This week, Hurricane Florence brought a deluge of catastrophic rainfall, flooding, and destruction to the East Coast. The storm also sent an unexpected delivery to the Florida shore, though. Police in St. Johns, Flagler, and Volusia counties, smack in the middle of the state’s Atlantic coast, have been reporting that several large packages of marijuana have been washing ashore all week. The packages first began to surface in St. John’s County last weekend, when an off-duty sheriff’s deputy discovered a black package stuffed with illicit weed floating just offshore.

Chuck Mulligan, Commander at the St. Johns Sheriff’s Department, told the Washington Post that the packages “are probably all part of the same shipment. The question is, where did they go into the water?” Mulligan theorized that the bundles could have come from a boat that was capsized during bad weather, or could have been deliberately tossed overboard by smugglers attempting to avoid an arrest by the Coast Guard. The bundles may have drifted north from as far as Puerto Rico, and may also have been the result of a failed airborne drop. “There’s a plethora of possibilities,” Mulligan said.
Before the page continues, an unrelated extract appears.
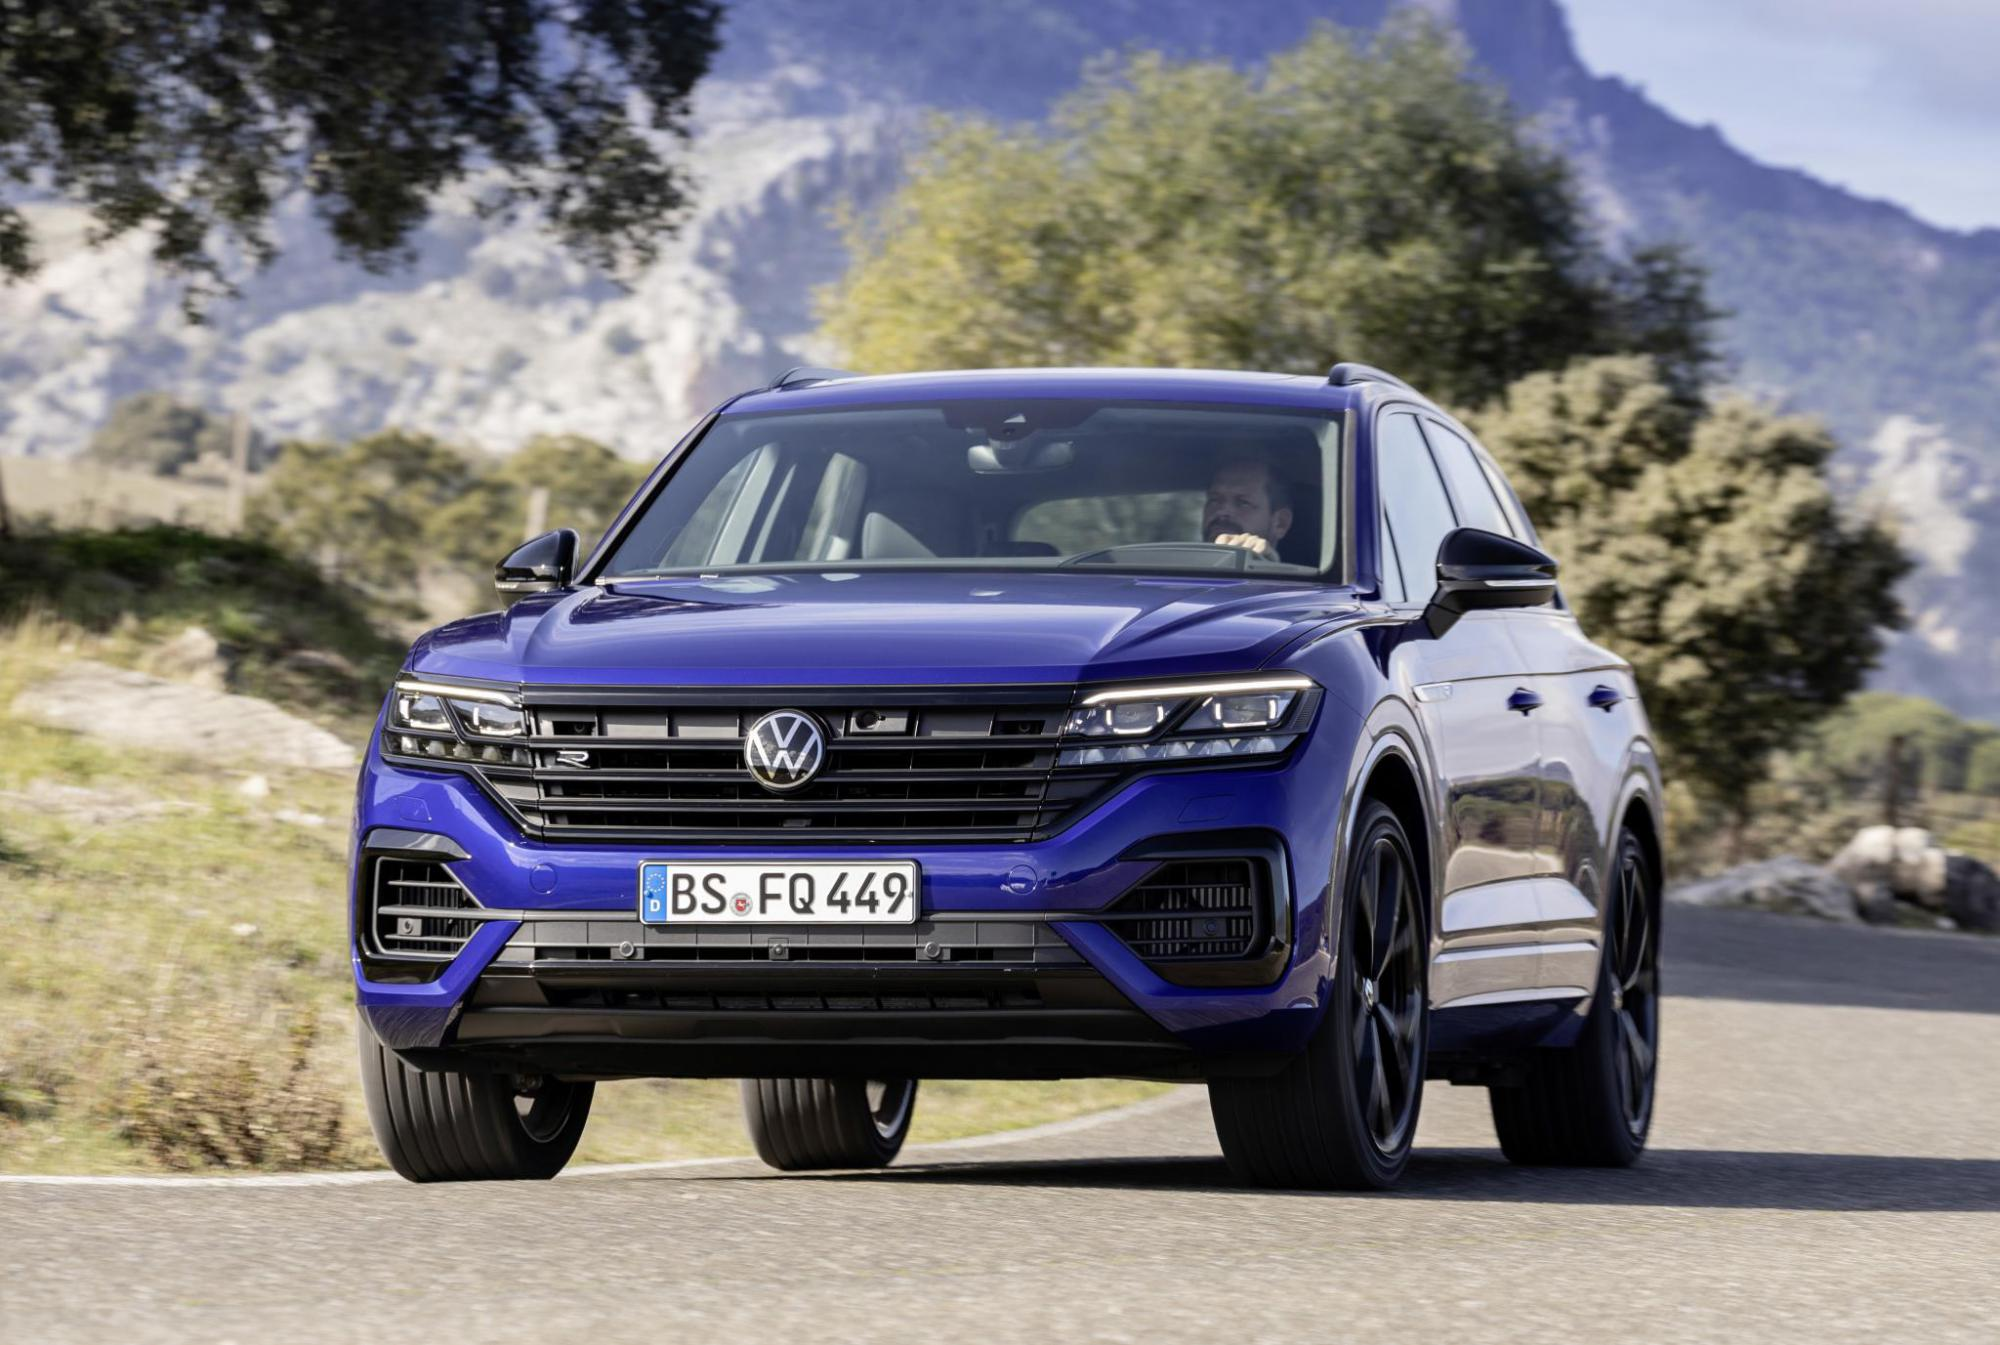 Основные преимущества и цена Volkswagen Touareg в 2021 году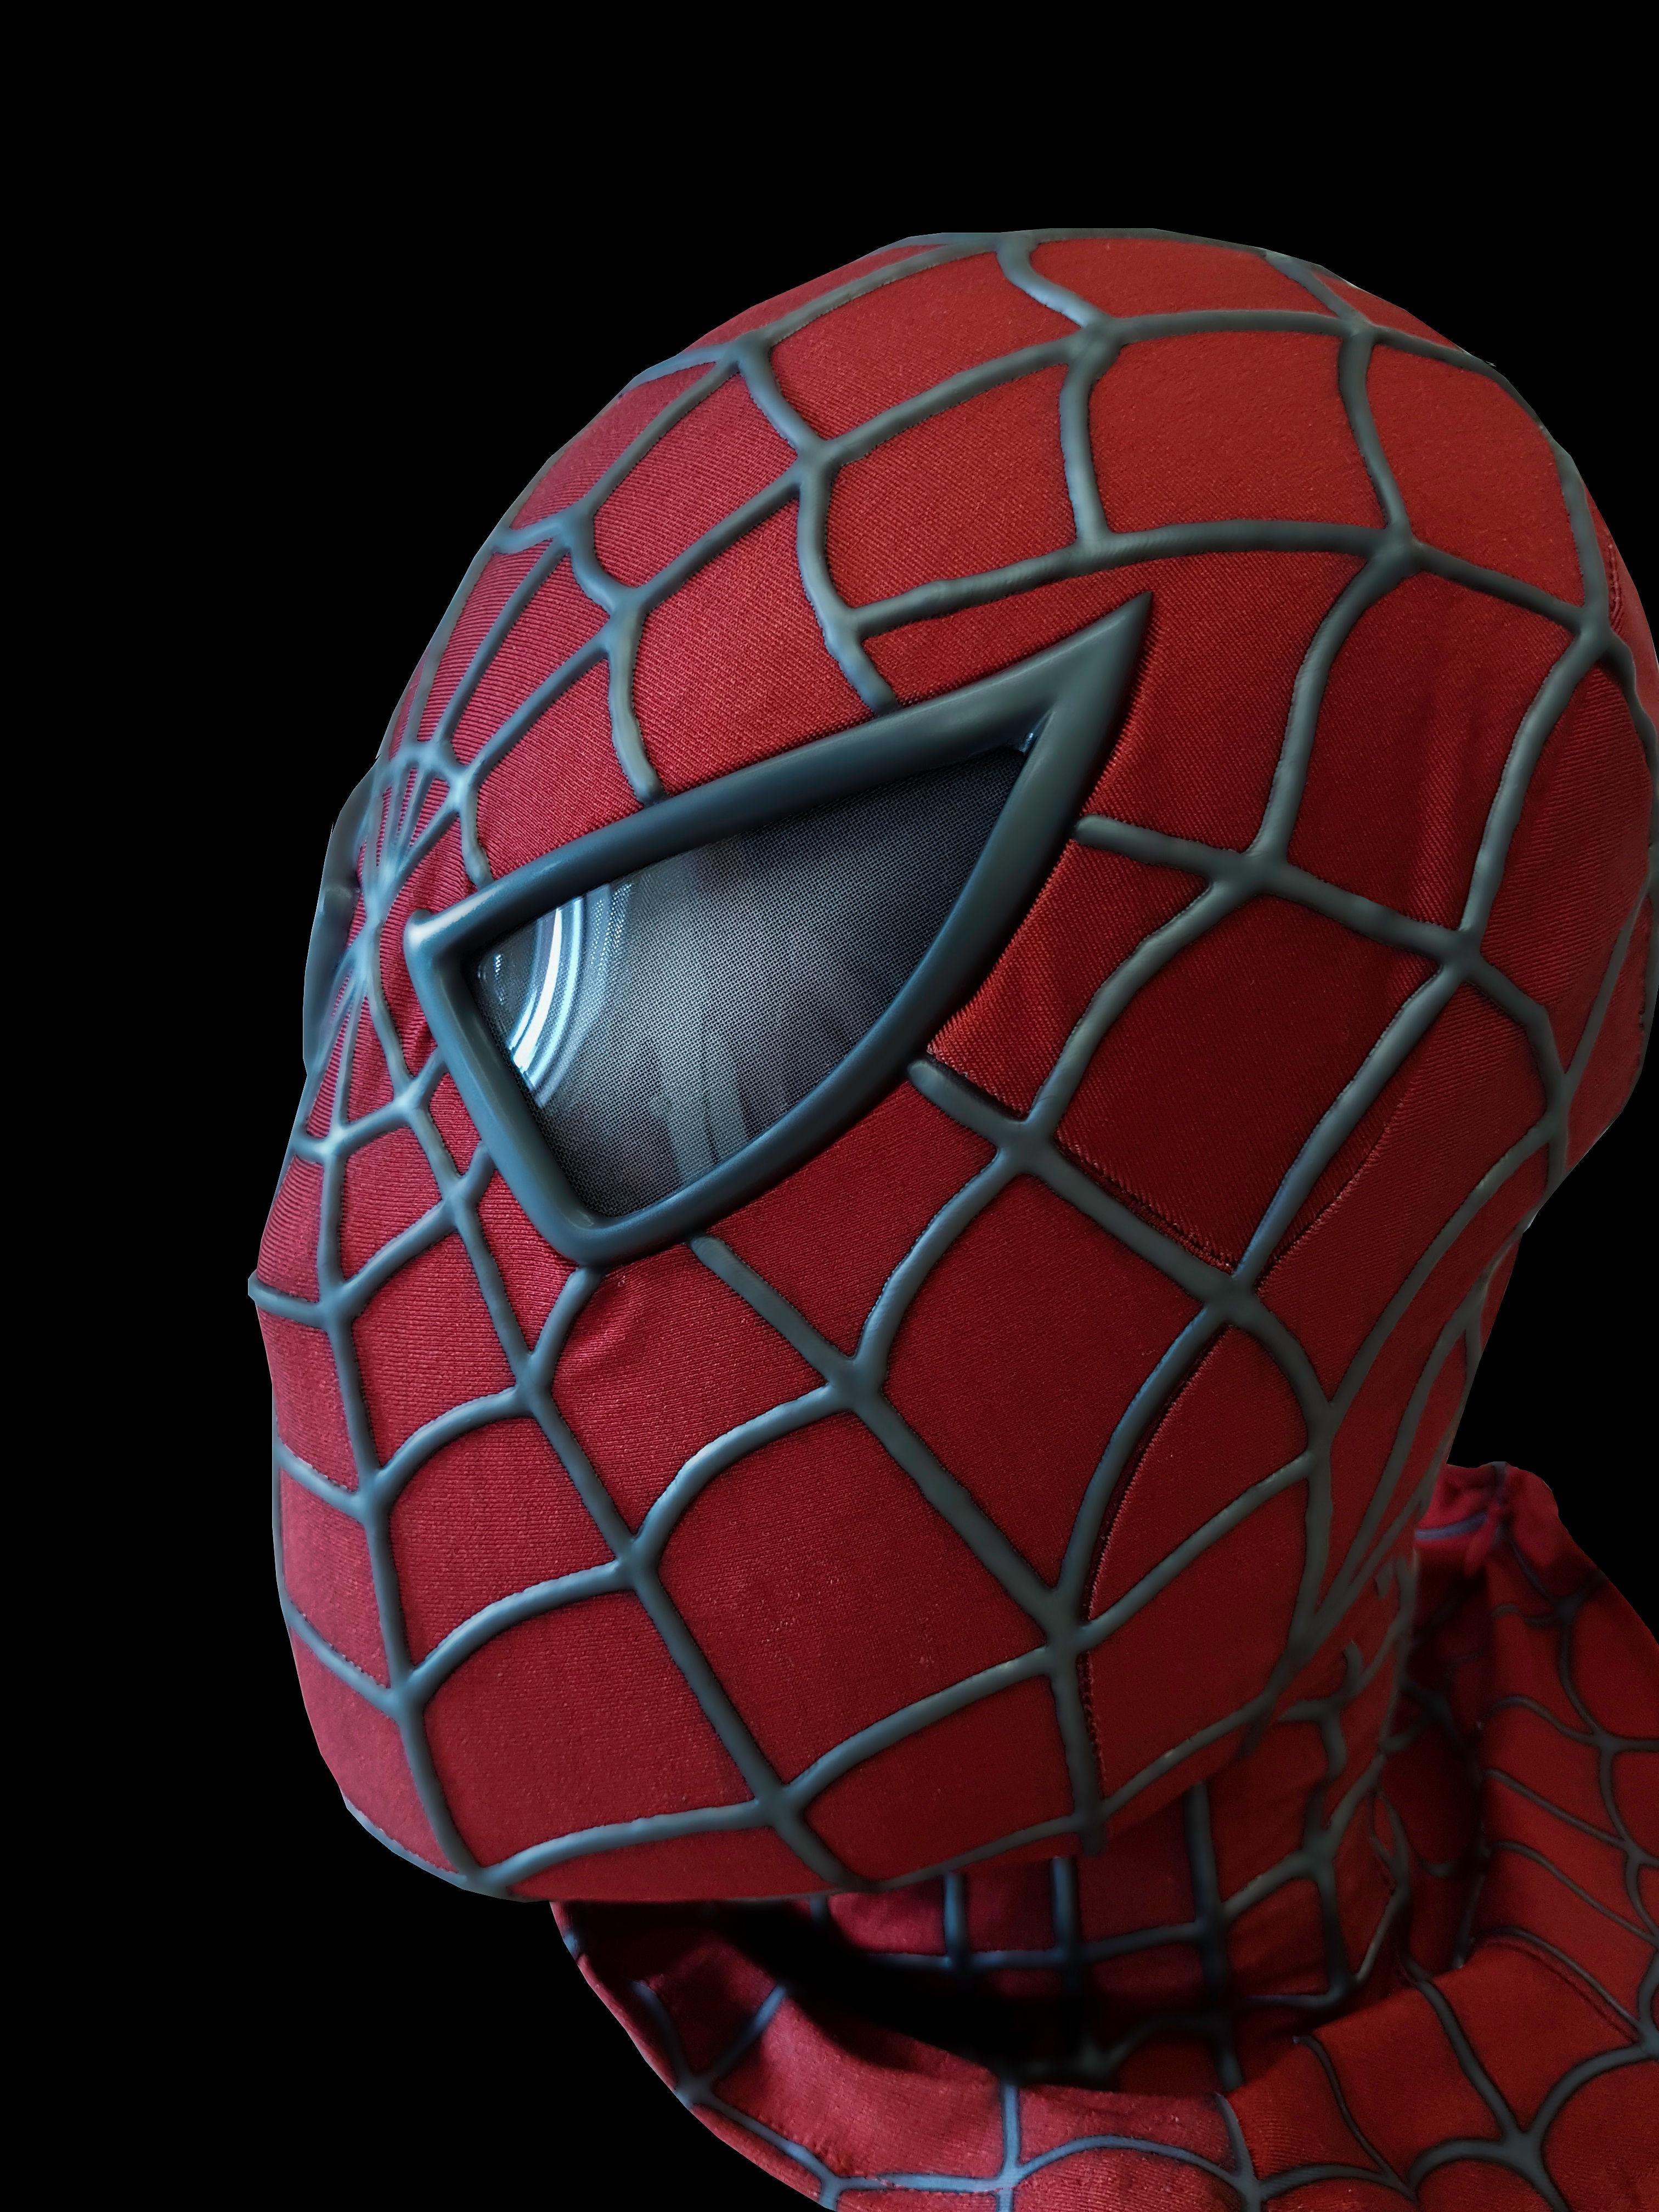 Uncategorized Spiderman Face Pictures spider man face shells no limit designs premium raimi shell lenses mask

Related: Hilariously Bad Stock Photos of People Smoking Weed

Last Thursday, a local woman made a 911 call to report that packages of weed were washing up on a Volusia County beach. “We’re at Jungle Hut [Park] and a huge bundle of drugs or something just washed up on the beach and there are people like fighting over it,” the caller told the 911 operator, according to the Post. “There’s like seven or eight people out here, and they’re all like huddling up against it, and my dad’s trying to take it so that you guys can have it all.”

Police showed up on the scene, and arrested 61-year-old Robert Kelley for placing an 11-pound brick of weed in his vehicle. Kelley claimed he was keeping it safe for law enforcement, but was arrested for possessing over 20 grams of weed — a felony charge in Florida that could land Kelley in jail for up to five years. To the north, Flagler County law enforcement said they have collected around 100 pounds of weed off the beach in the past week. Several beachgoers, including an unknown woman in a yellow bikini, managed to abscond with some of the illicit goods, however, and police are working to track them down.

In a recent statement, Flagler Sheriff Rick Staly said that Kelley’s arrest was “another great example of ‘See Something, Say Something’ … thanks to the joint effort of our citizens’ watchful eyes and good police work these narcotics are off the streets,” the Post reports. “To anyone thinking they can take advantage of marijuana washing up on shore I have a warning for you. Is it worth a trip to the Green Roof Inn charged with a felony just for some ‘free’ weed?”